The loop body should really look like
  if( mtx_try_lock( &iface_lock[i] ) ) {
    pr[i].handler( pr[i].ifp, POLL_ONLY, count );
    mtx_unlock( &iface_lock[i] );
  }
I skipped this first to make the idea clearer.

> Really we do not have several kernel threads in polling. netisr_poll() is always
> run by one thread - swi1:net. Well, we have also idle_poll thread, but it is
> very special case. Frankly speaking, it can't work without help from netisr_poll().

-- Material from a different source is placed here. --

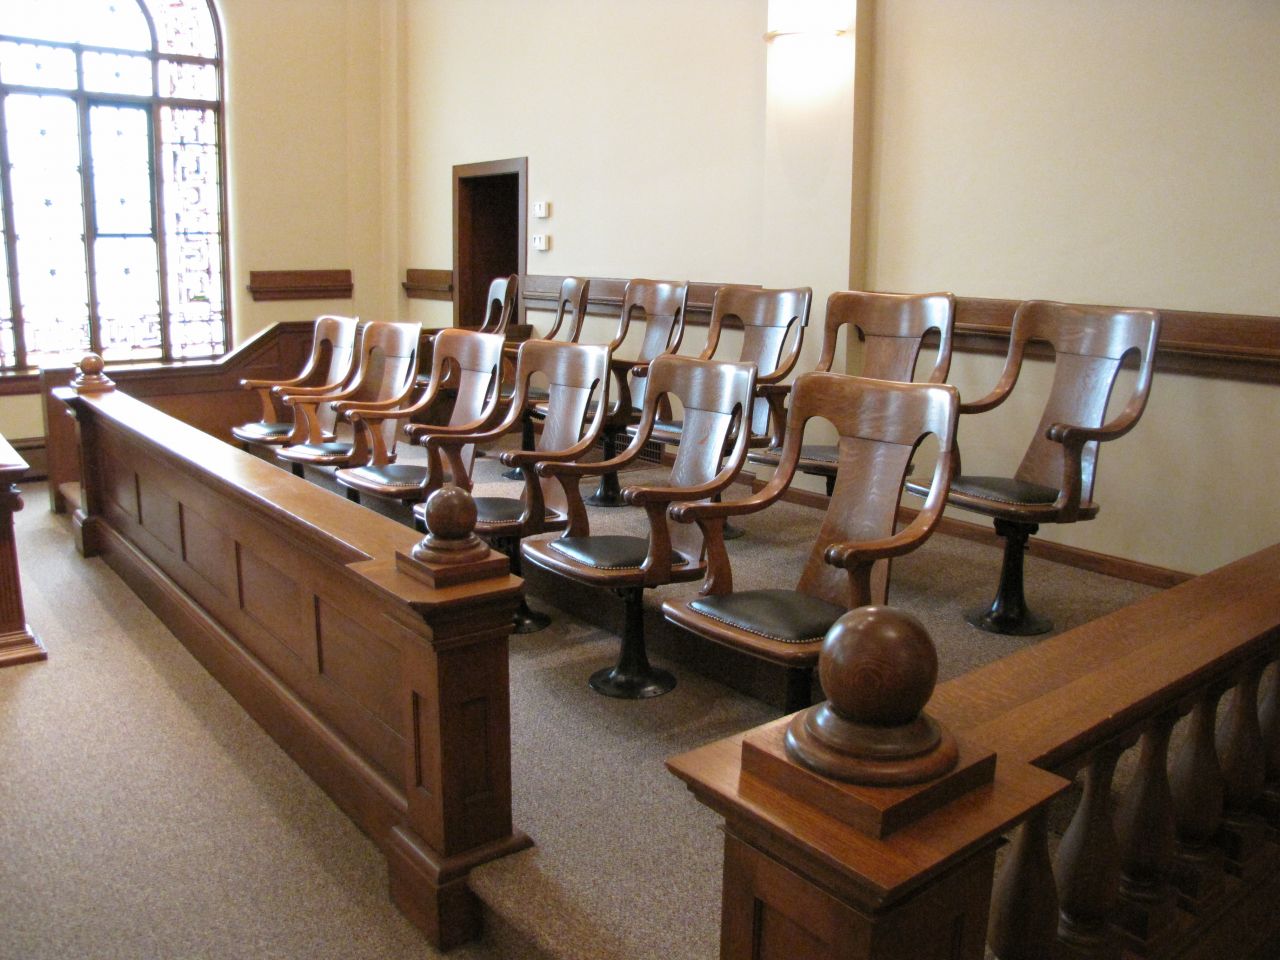 Historic Courtroom jury box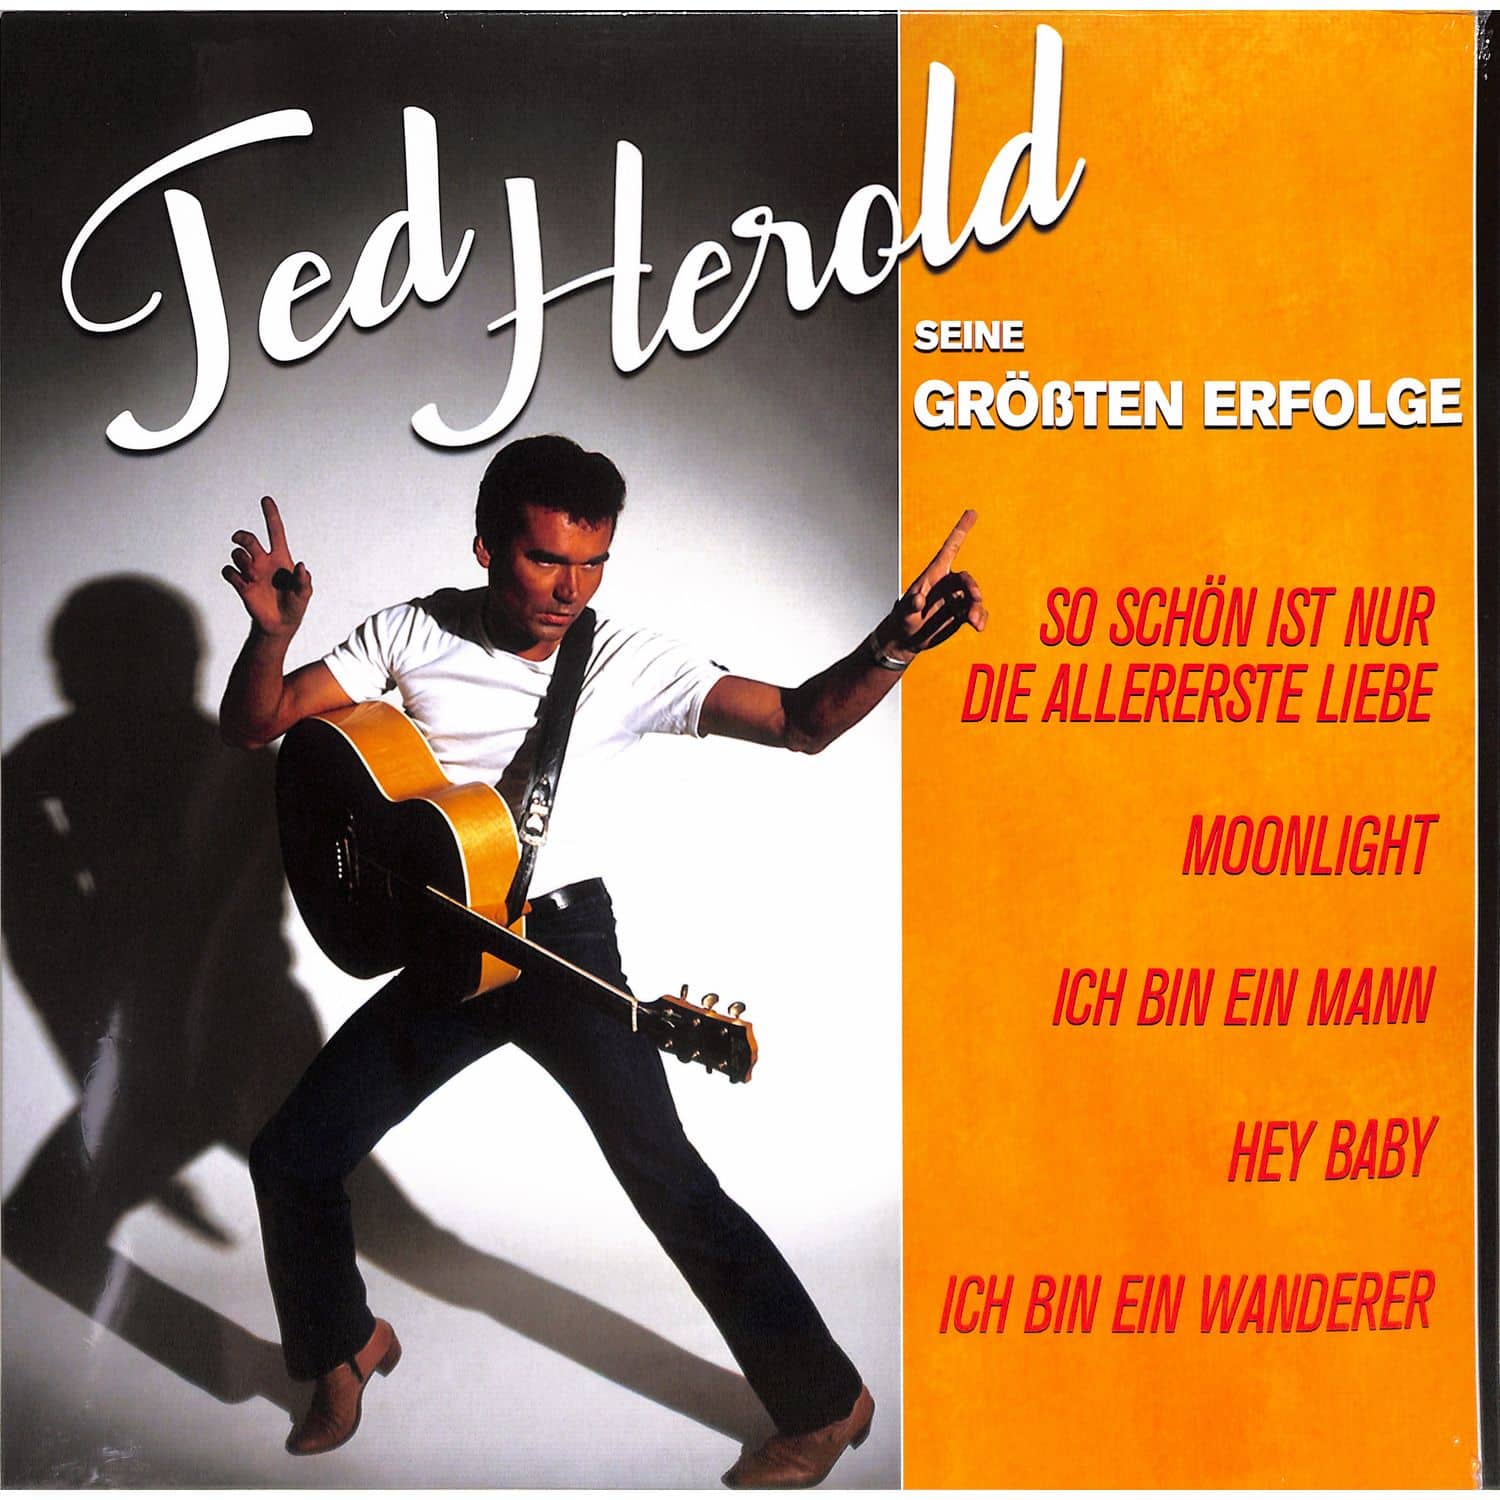 Ted Herold - SEINE GRSSTEN ERFOLGE

> The current polling is designed for a single threaded kernel, for RELENG_4. We
> can't achieve parallelization with strong redesign. The future plans are to create
> per-interface CPU bound threads. The plans can change. You are welcome to help.

idle_poll can significantly increase network response time. I'd suggest per-CPU (not per-interface) threads. This would keep user_frac code much simpler. Not sure about the coding help in the next weeks. My current project is on the pre-release stage and the kid is going to be born soon. I can join a bit later though.